Позже он понял, что Лена спрашивала себя. И все это говорила самой себе. . .
Это потом он понял, а тогда был счастлив, что наконец услышал от нее, что и она его любит... Будь он внимательнее и не столь самоуверен, он понял бы и другое: спрашивать-то она спрашивала, а вот ответить так и не ответила...
Асфальт был черным и еще мягким. Совсем недавно прошли здесь дорожные машины и железные катки. На обочинах опрокинутые заграждения, кучи щебня, припорошенные красной пылью асфальтовые лепешки. «Москвич» разогнался не на шутку. Стрелка спидометра дрожала на ста километрах. В железное днище с шумом сеяла мелкая асфальтовая крошка. Ни полей, ни рощ, ни деревень не видно. К шоссе придвинулся настоящий лес. Высоченные сосны и ели, ярко-зеленые приземистые кусты можжевельника. Меж черных растрескавшихся пней желтели на длинных розовых ножках круглые головки одуванчиков, голубели в траве незабудки и колокольчики, маленькими солнцами разбрызгивались по краю придорожной канавы высокие тонконогие ромашки. На пустошах золотом вспыхивали кусты высокой пижмы, розовел в зелени трав нежный кипрей.
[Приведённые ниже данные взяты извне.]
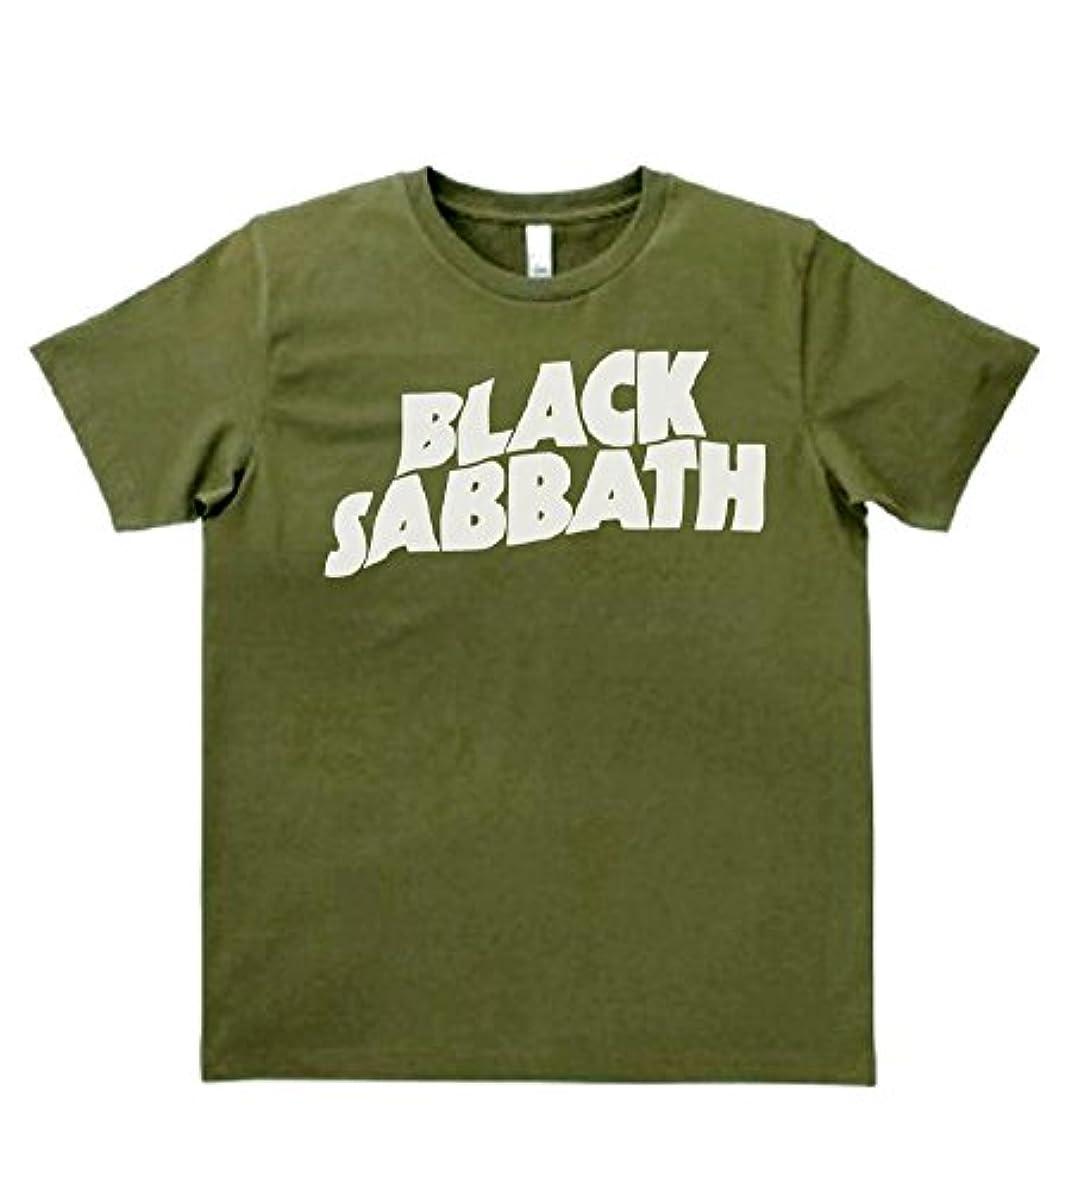 学校タヒチ服を片付ける【ノーブランド品】 音楽 バンド ロック BLACK SABBATH ブラックサバス カーキー MLサイズ

Раз начался лес, значит, скоро поворот на Большой Иван. Заметив впереди указатель, Сергей стал притормаживать. Как всегда в таких случаях, на сиденье завозился, заскулил Дружок. Хотя он и любил ездить, но стоило остановиться, как первым норовил выскочить из машины. Ошалело покрутившись на месте, опускал нос к самой земле и деловито устремлялся по какому-то только ему известному маршруту. Впрочем, стоило погудеть, как он тут же прибегал.
Сразу за поворотом начался булыжник. «Москвич» резво запрыгал по гладким блестящим камням. Величественный просвечивающий бор расступался перед самым капотом. Сосны и ели стояли особняком и были щедро освещены солнцем. Не видно поваленных ветром деревьев, бурелома. Чистый сосновый бор, в котором должны водиться белые грибы.
Внезапно лес оборвался и «Москвич» выскочил на освещенную солнцем равнину. Сплошной заливной луг, разноцветье и редкие березы то тут, то там. И сразу же справа распахнулась до самого горизонта водная гладь. На пологих берегах мокро дымились выброшенные спутанные водоросли, блестели камни-валуны. На плесе чернела лодка. Рыбак сидел к ним спиной, и его соломенная шляпа ярко светилась.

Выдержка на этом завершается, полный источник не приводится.